Cortex Analyst is accurate for aggregation questions: totals, averages, top-N rankings, and period comparisons. In testing across 500 sample queries on well-described semantic models, Snowflake reports accuracy rates above 85% for these question types.

It struggles when questions require joining multiple tables not described in the same semantic model, when business logic is implicit in the phrasing ("show me at-risk accounts" where at-risk means a specific churn score threshold your team defined), or when the semantic model descriptions are vague. If a question returns a wrong result, the fix is almost always in the YAML descriptions, not the underlying data.

Snowflake logs all Cortex Analyst queries in the QUERY_HISTORY view. Reviewing that log after the first week of real usage shows which questions fail most often and points directly at which descriptions in the semantic model need more specificity.

Next Steps

Once the basic setup works on one table, extend the semantic model to cover additional tables and add a relationships section so Cortex Analyst can join them. Snowflake's semantic model specification also supports verified queries: saved question-and-SQL pairs that Cortex Analyst will prefer when a new question closely matches a verified one. These verified queries improve accuracy significantly for the 10 to 20 questions your team asks most often.

FAQ

What is Snowflake Cortex Analyst and how does it work?

Snowflake Cortex Analyst is a feature within Snowflake Cortex AI that translates plain-English questions into SQL queries and runs them against your Snowflake data. It uses a semantic model YAML file you configure to understand your table structure in business terms, then applies a large language model to convert user questions into accurate SQL. It is available in all Snowflake editions at no additional license cost beyond standard compute credits.

What is a semantic model in Snowflake Cortex Analyst?

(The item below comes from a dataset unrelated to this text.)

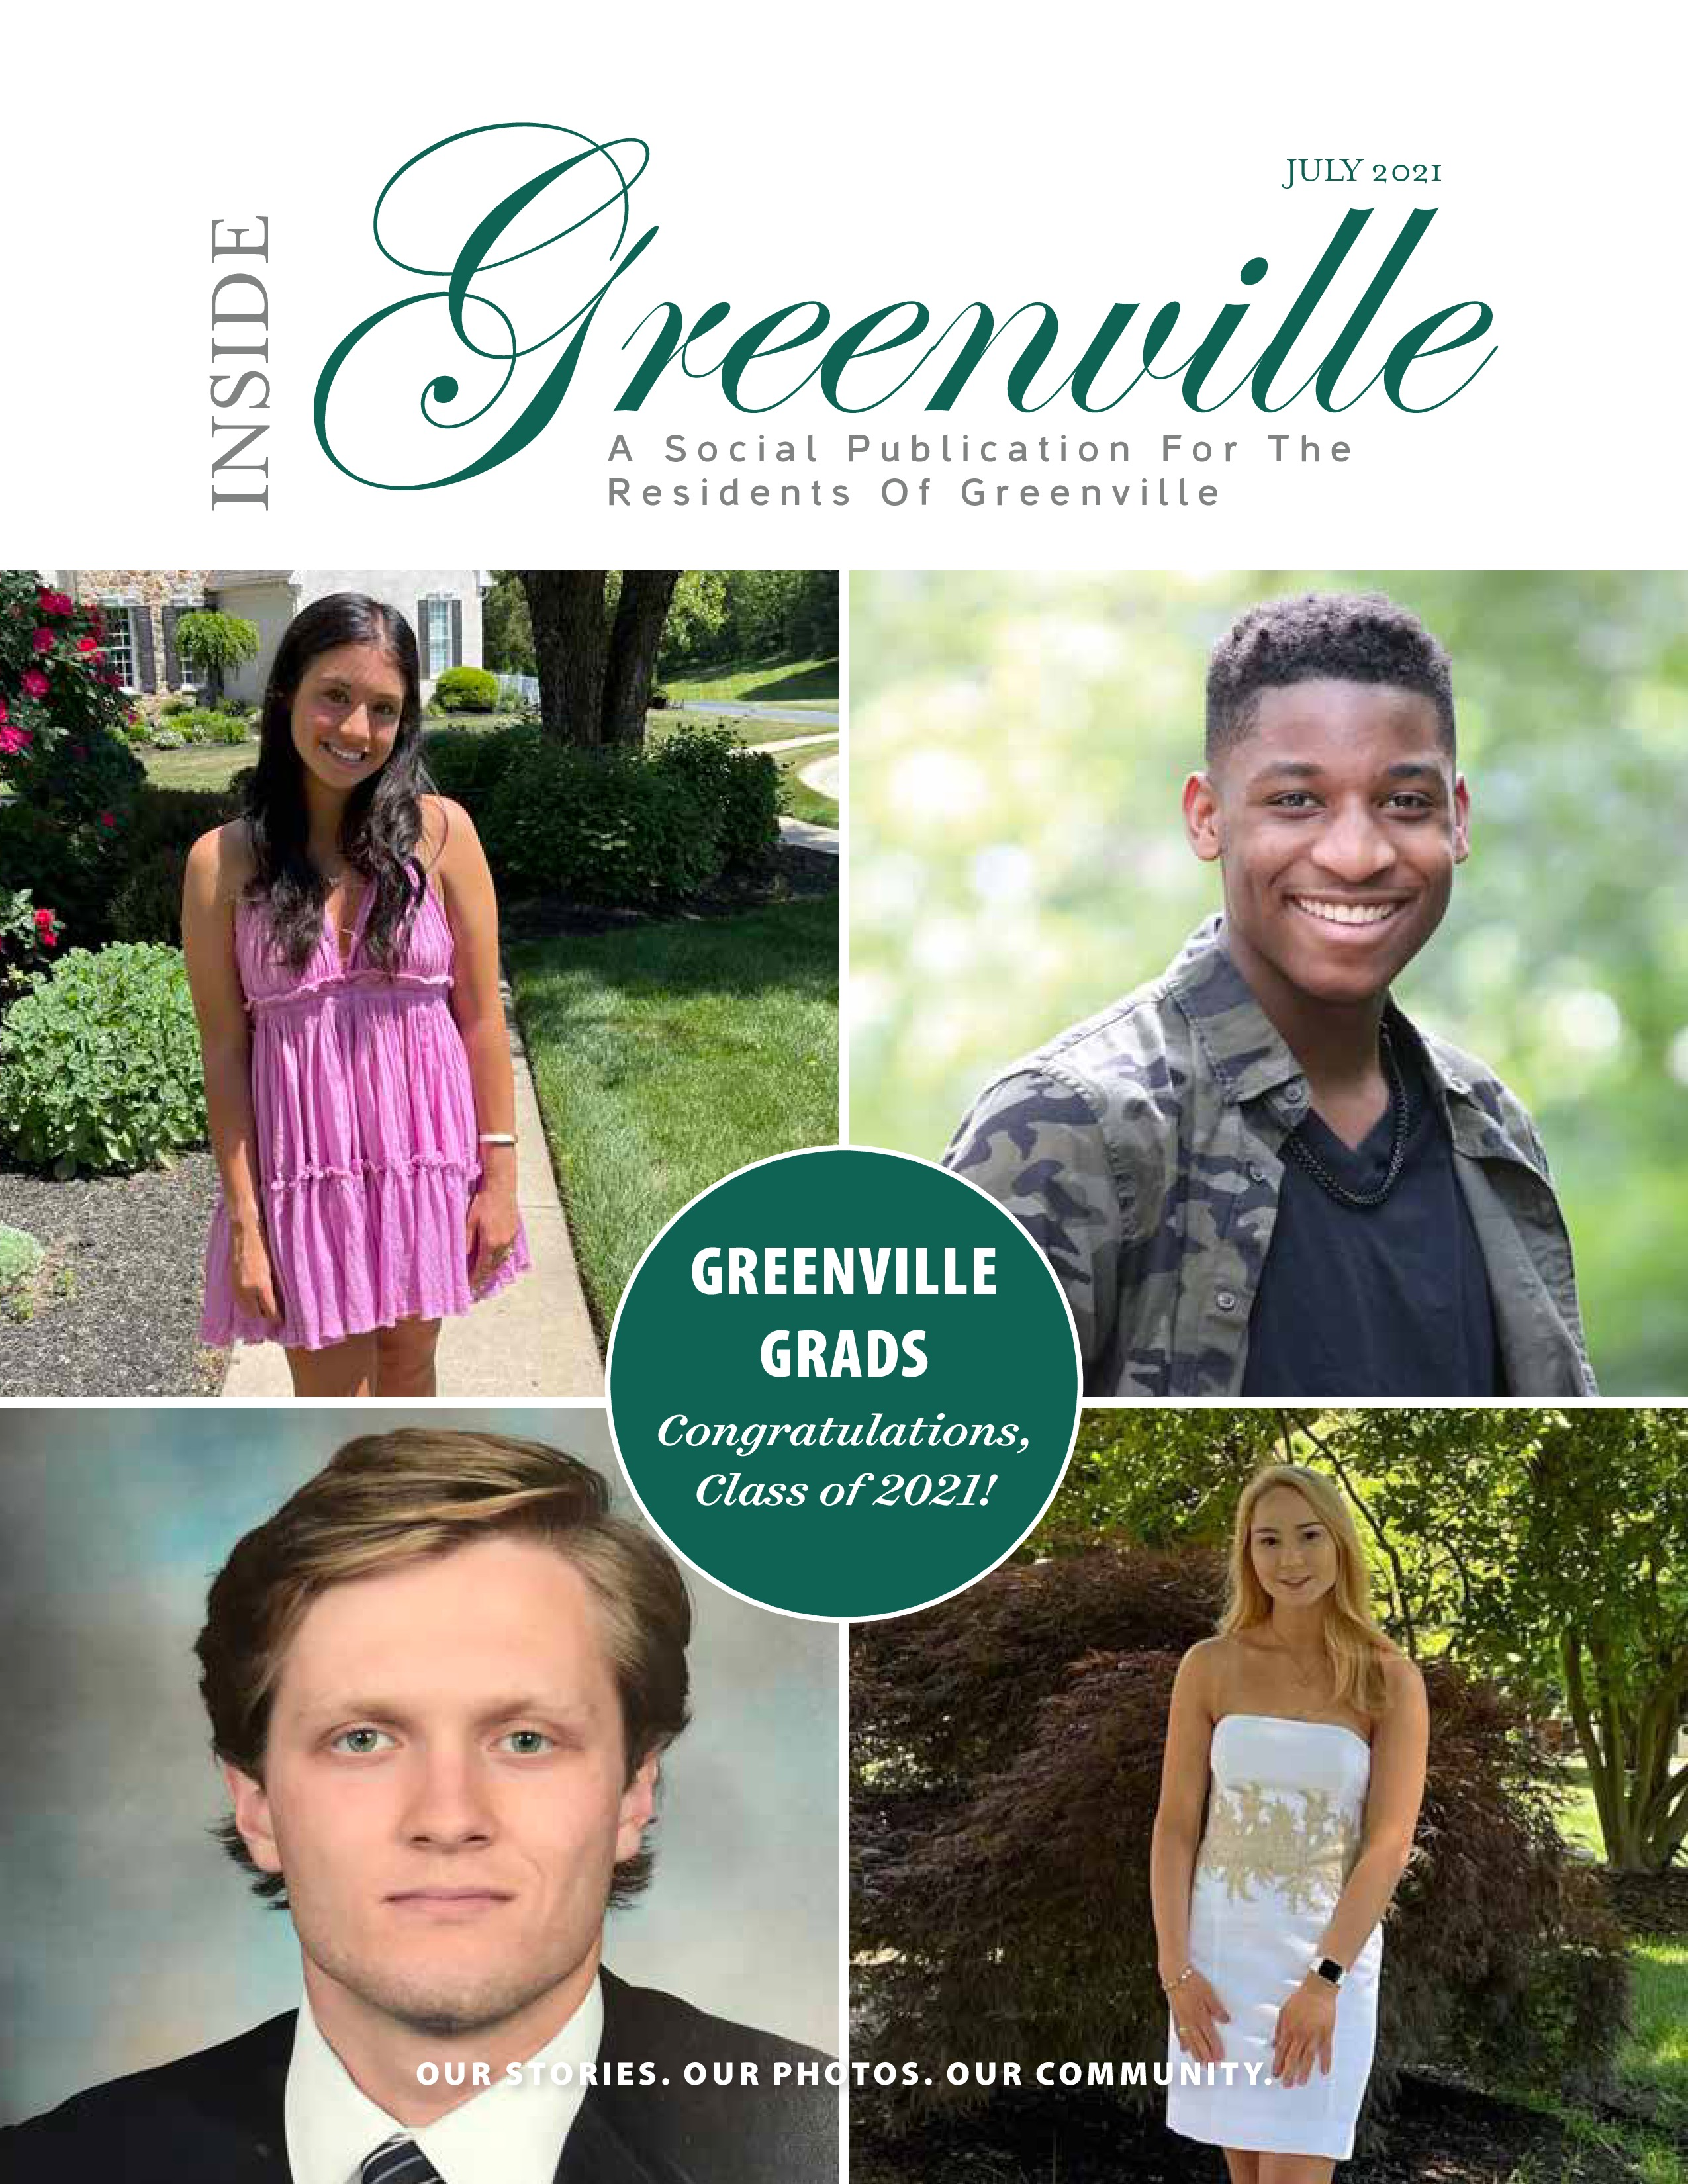 Inside Greenville 2021-07-01
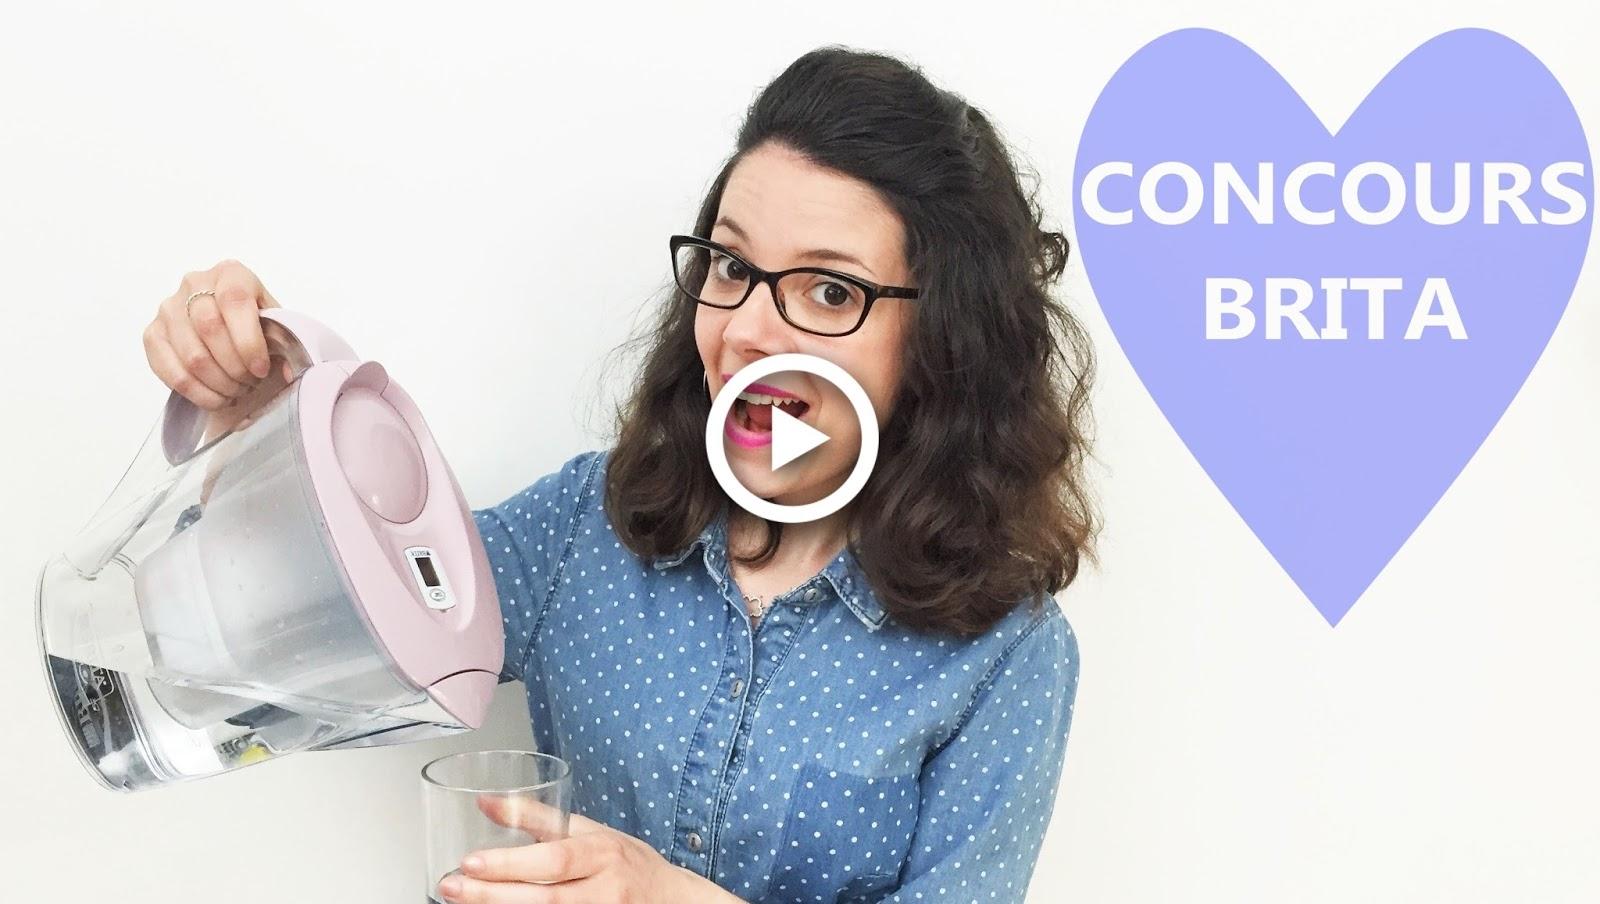 brita concours giveaway cuisine cooking kitchen deco design scandinave moderne rose pastel marella eau water économie carafe filtrante à gagner youtube facebook

A semantic model is a YAML configuration file that maps your Snowflake table and column names into business-friendly terms. It classifies each column as a dimension (categorical field for grouping or filtering), time dimension (date or timestamp for period-based questions), or measure (numeric field to aggregate). The descriptions you write in this file are read by the LLM to decide which columns to use when answering a question, making accurate descriptions more important than the technical configuration.

Do I need to know SQL or Python to use Snowflake Cortex Analyst?

End users do not need SQL or Python knowledge to ask questions once Cortex Analyst is set up. However, an initial technical setup is required: creating a Snowflake stage, writing the semantic model YAML, and deploying the Python client or Streamlit app. A data engineer or analyst typically handles the one-time setup, after which business users can query data through a chat interface without writing any code.

How accurate is Snowflake Cortex Analyst for business questions?

Snowflake reports accuracy rates above 85% for aggregation questions (totals, averages, top-N rankings, period comparisons) on well-configured semantic models. Accuracy drops for questions that require joining tables not covered in the same semantic model, or for questions with implicit business logic embedded in the phrasing. The primary lever for improving accuracy is adding more specific descriptions and synonyms to the semantic model YAML, not modifying the underlying data.

How much does Snowflake Cortex Analyst cost?

Snowflake Cortex Analyst is included in all Snowflake editions with no additional license fee. Usage is billed through standard Snowflake compute credits consumed when executing the generated SQL queries. There is no per-query fee for the natural language translation itself. For exact credit consumption rates for your warehouse size, check your Snowflake account's usage dashboard.